US chicken industry urges Congress to cut ethanol mandate

20-04-2011 | |
US chicken industry urges Congress to cut ethanol mandate

The chicken industry in the US has called on Congress to slash the amount of ethanol required to be added to motor gasoline which has helped drive the cost of corn to unprecedented highs.

“The National Chicken Council (NCC) recommends a plan be implemented that would reduce the Renewable Fuels Standard when the stocks-to-use ratio for corn drops to low levels, as the situation is now,” industry executive Michael Welch said on NCC’s behalf at a hearing held by the Livestock, Dairy and Poultry Subcommittee of the House Agriculture Committee.

Chicken feed
Corn is the primary component of chicken feed, which accounts for 55% of the wholesale cost of whole, ready-to-cook chickens. Corn has rocketed from about $2 per bushel in 2006 to more than $7.50 per bushel today, which Welch said resulted largely from the fact that 40% of the corn crop is being diverted into federally mandated ethanol usage. Ethanol makers benefit from the mandate, a tax credit on usage of ethanol, and a protective tariff on imports.
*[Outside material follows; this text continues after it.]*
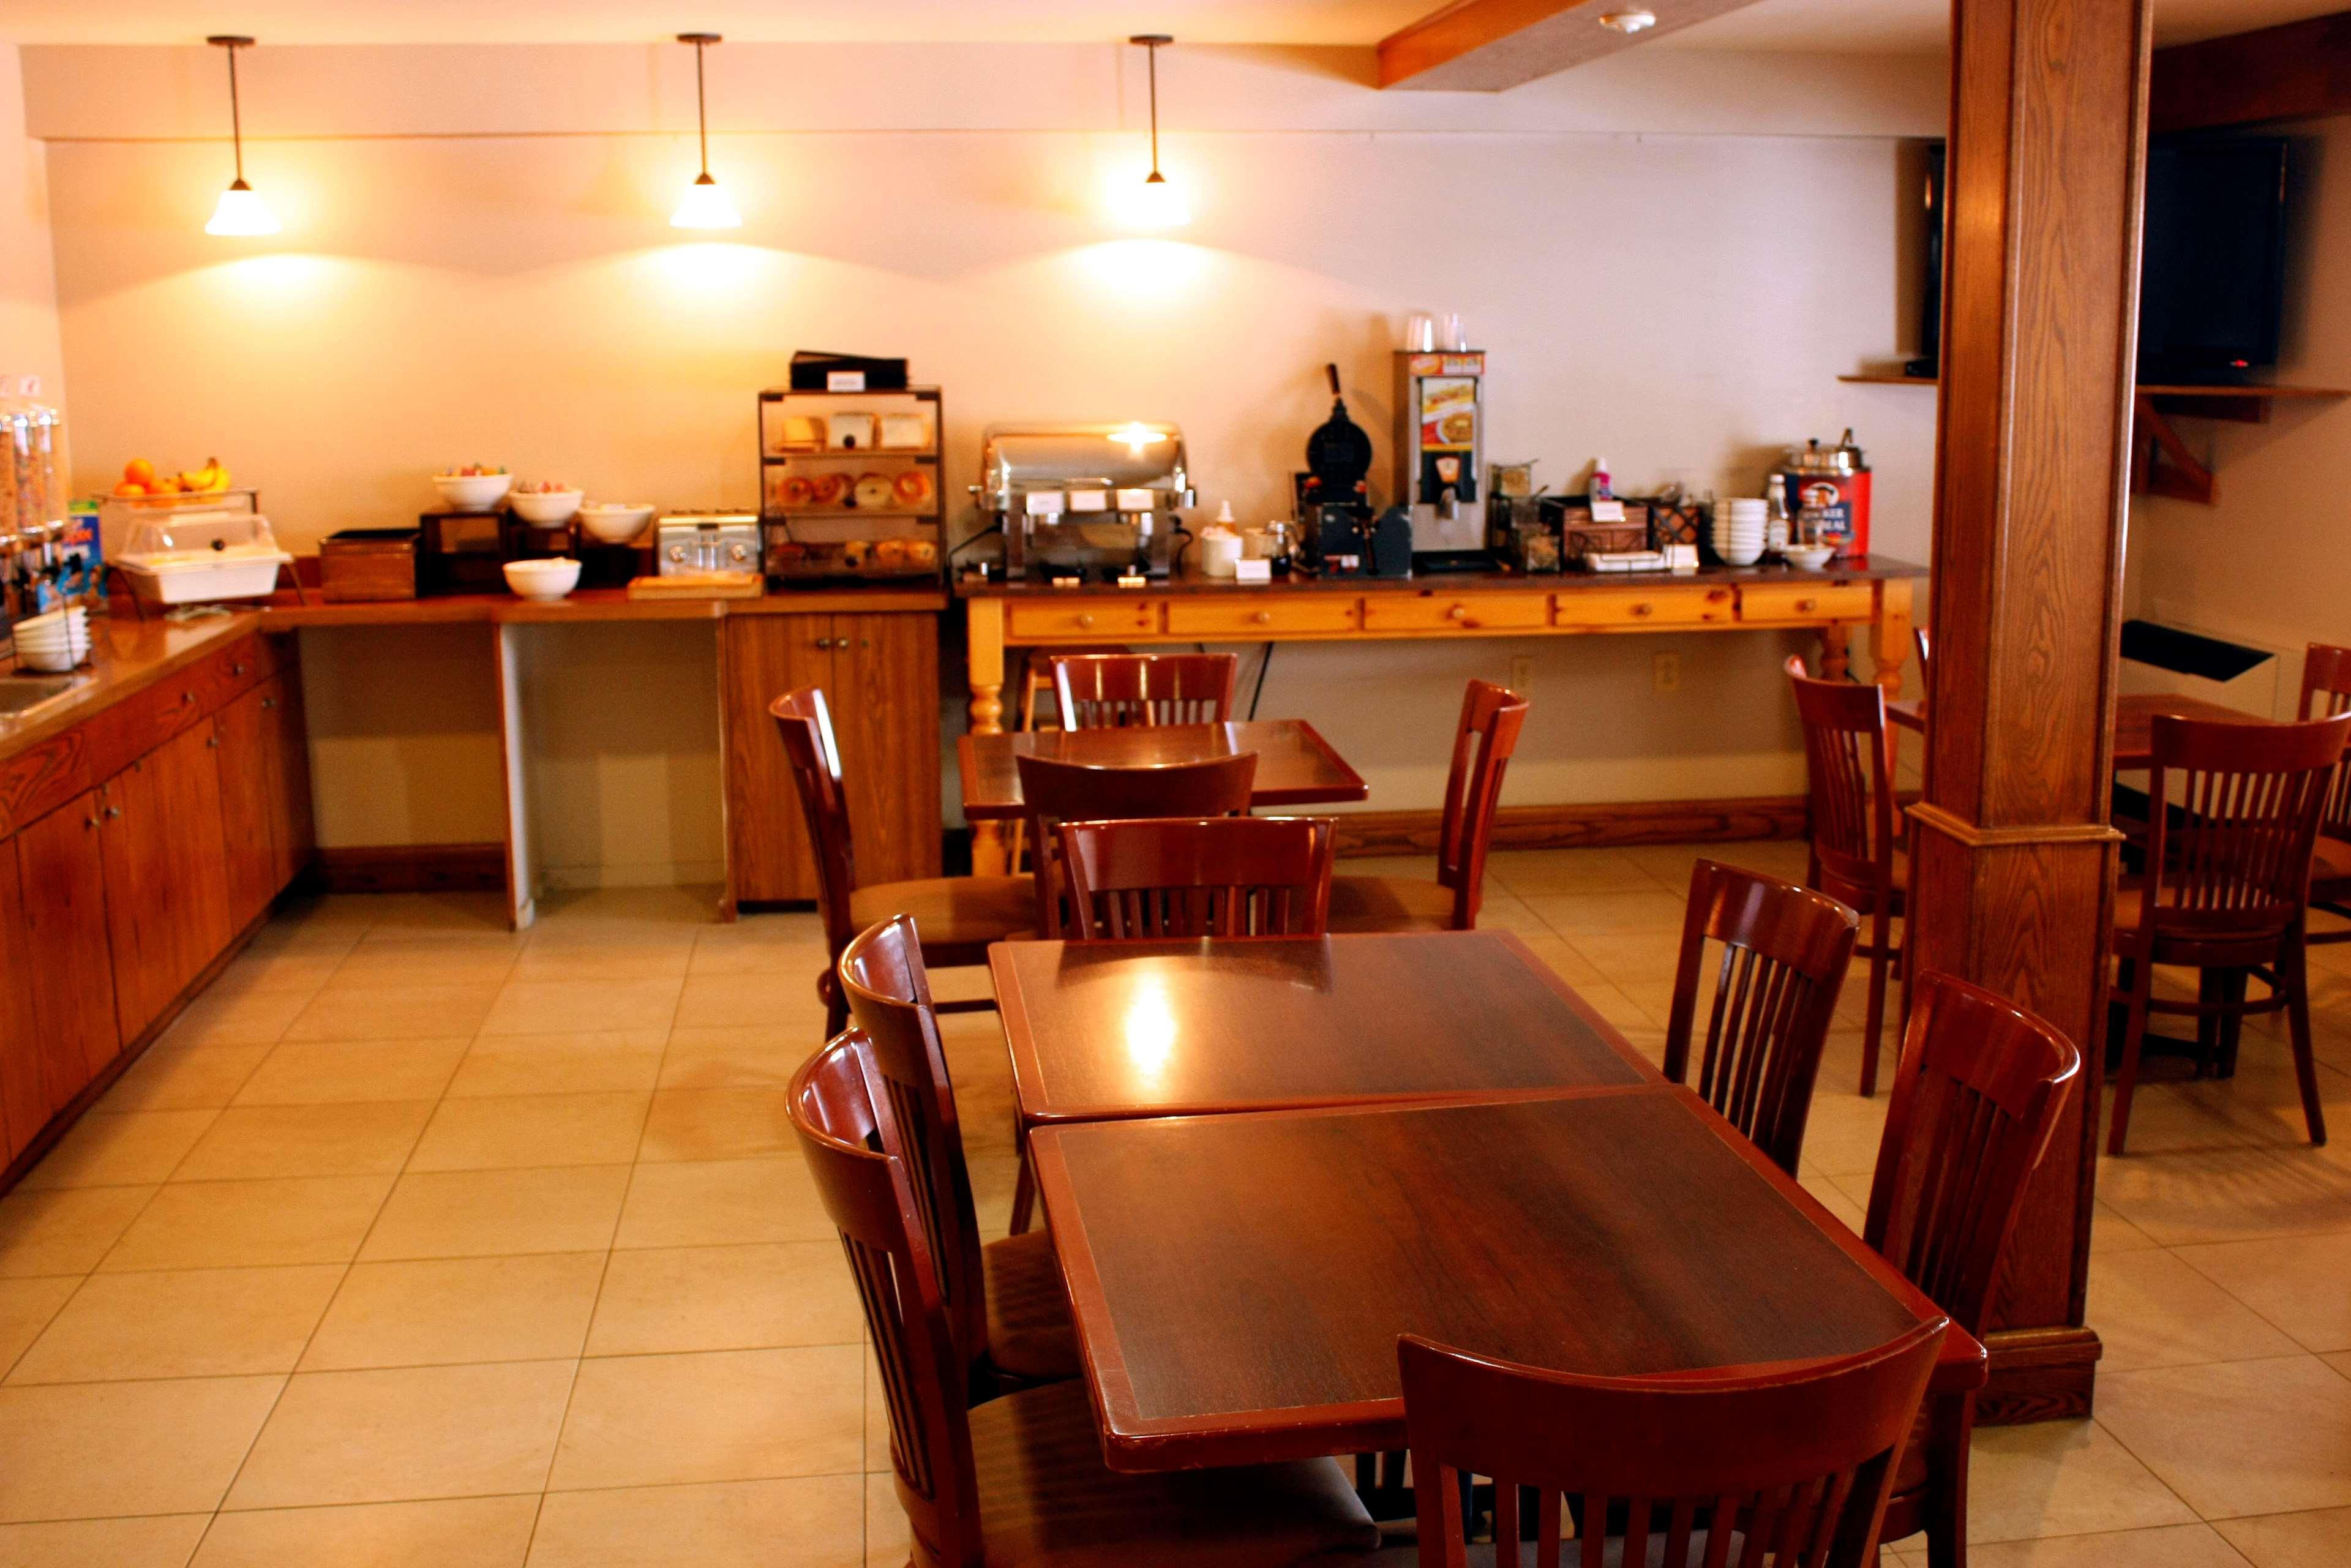 Country Inn & Suites by Radisson, Saskatoon, SK in Saskatoon: Breakfast Area

“Mandating the use of ethanol, subsidising its cost, and protecting ethanol from competition is triple overkill,” said Welch, who is president and chief executive officer of Harrison Poultry in Bethlehem, Georgia, and a former chairman of NCC.

Less than 700 million bushels of corn are expected to be left at the end of this crop year, he said, meaning there is virtually no margin for error in the crop to be harvested in the fall.

No corn cushion
“There is no cushion, no extra bushels in inventory to carry the needs of the users of corn through the next crop year in the event of a shortfall in this fall’s corn harvest,” Welch said. “To assume an adequate number of acres will be planted to corn this year and the next few years and to further assume favorable weather conditions for crops this year and the next few years are not assumptions the US chicken industry is prepared to make, nor should prudent US government policymakers be willing to make.”

Welch urged Congress to adopt a contingency plan or “off-ramp” from the Renewable Fuels Standard, which is the law requiring that a fixed amount of ethanol be added to motor fuel every year.

“Unless there are perfect crop conditions this year to plant, grow, and harvest a record quantity of corn, animal agriculture will experience major disruptions while ethanol producers will continue to outbid non-subsidized buyers of corn,” he warned.

The mandate should be reduced to allow non-ethanol users greater access to corn, he said. Farmers should also be allowed to withdraw non-environmentally sensitive acres from the Conservation Reserve Program without penalty.
“More acres are needed, not just for corn, but also for soybeans, wheat, cotton, and other crops that compete with corn for acreage,” he said.